The observed success rate in the ITT population treated with the Cerene Cryotherapy Device is 76.9% (186/242) with a 95% CI of (70.9%, 81.9%). The lower bound of the 95% CI (70.9%) exceeds the objective performance goal of 66% success rate. The primary endpoint of effectiveness was met in the ITT population.
Table 5 below summarizes the effectiveness outcomes.

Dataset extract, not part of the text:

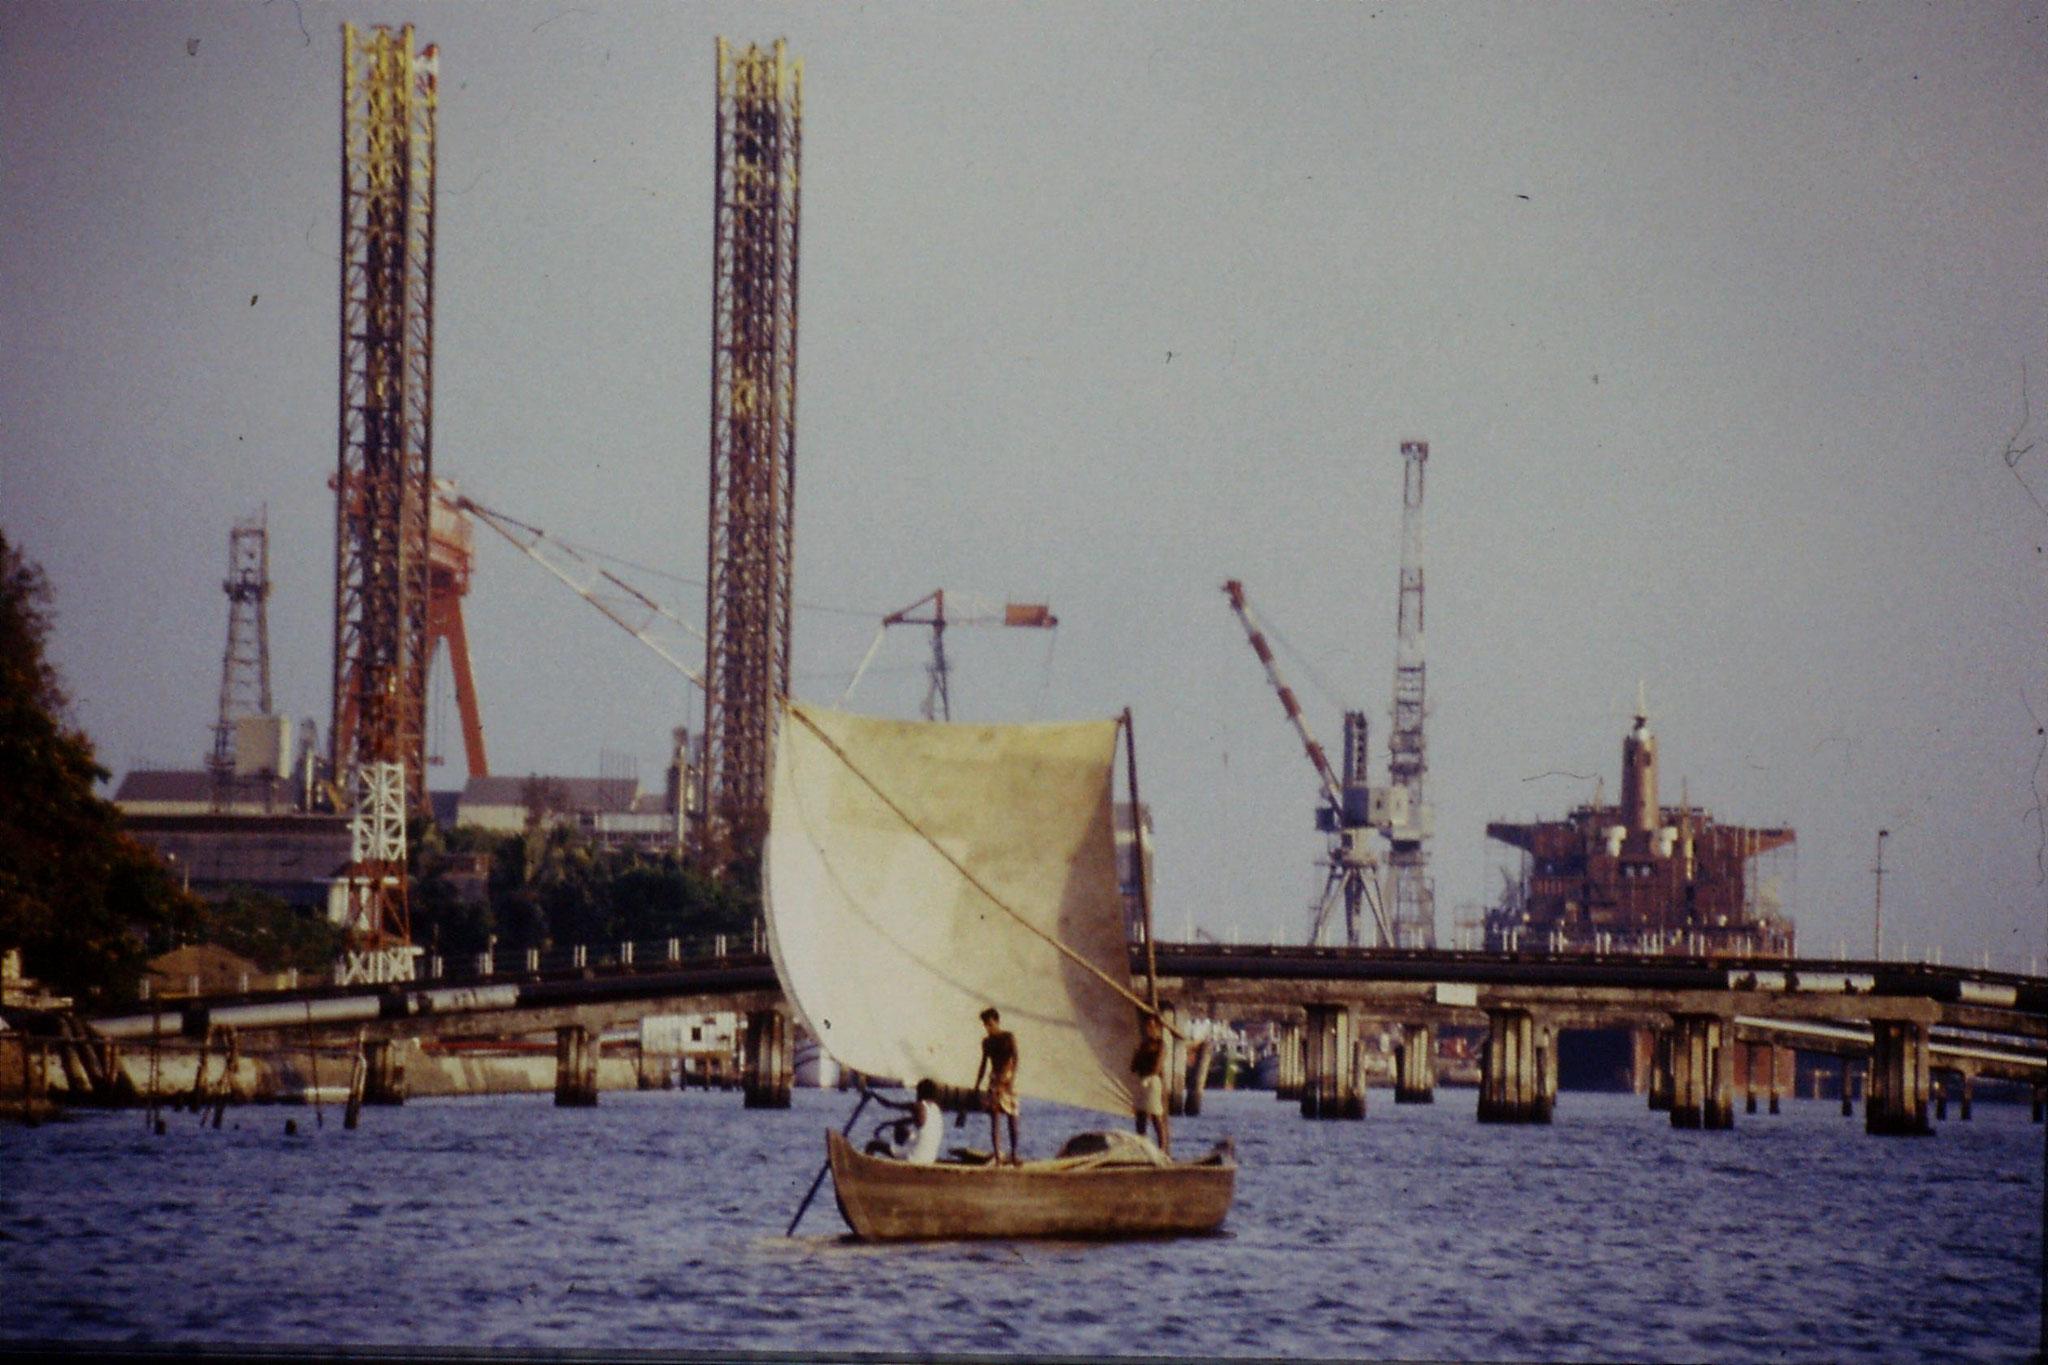 106/15: 24/2/1990 Cochin - sailing boat off Erkunacalam

Table 5 - Primary Endpoint Response Rate at Month 12*
| Month 12 Response Rate | ITT analysis cohort (N=242) |
| --- | --- |
| Number of successes (PBLAC ≤75) | 186 |
| Study success rate | 76.9% |
*PBLAC outcomes represent the most recent menses within 8 weeks of the 12-month follow-up
## 3. Secondary Effectiveness Results
### Need for Medical or Surgical Intervention
Four (4) subjects (1.7%) had interventions for continued heavy menstrual bleeding and were exited from the study. Two (2) subjects (0.83%) elected to proceed to surgical treatment. One subject (0.41%) required medication for frequent, prolonged heavy menses. One subject (0.41%) resumed treatment with Lysteda and voluntarily withdrew at Month 3.
### Pain Management and Peri-Procedural Pain Experience
All treatments were performed under local anesthesia using paracervical or parametrial block (PCB) per standard of care. The investigator administered other medications to the subject, including IV sedation (including conscious sedation not requiring airway management by an anesthesiologist), oral and/or IV NSAIDs, oral anxiolytics, and narcotics per his/her discretion.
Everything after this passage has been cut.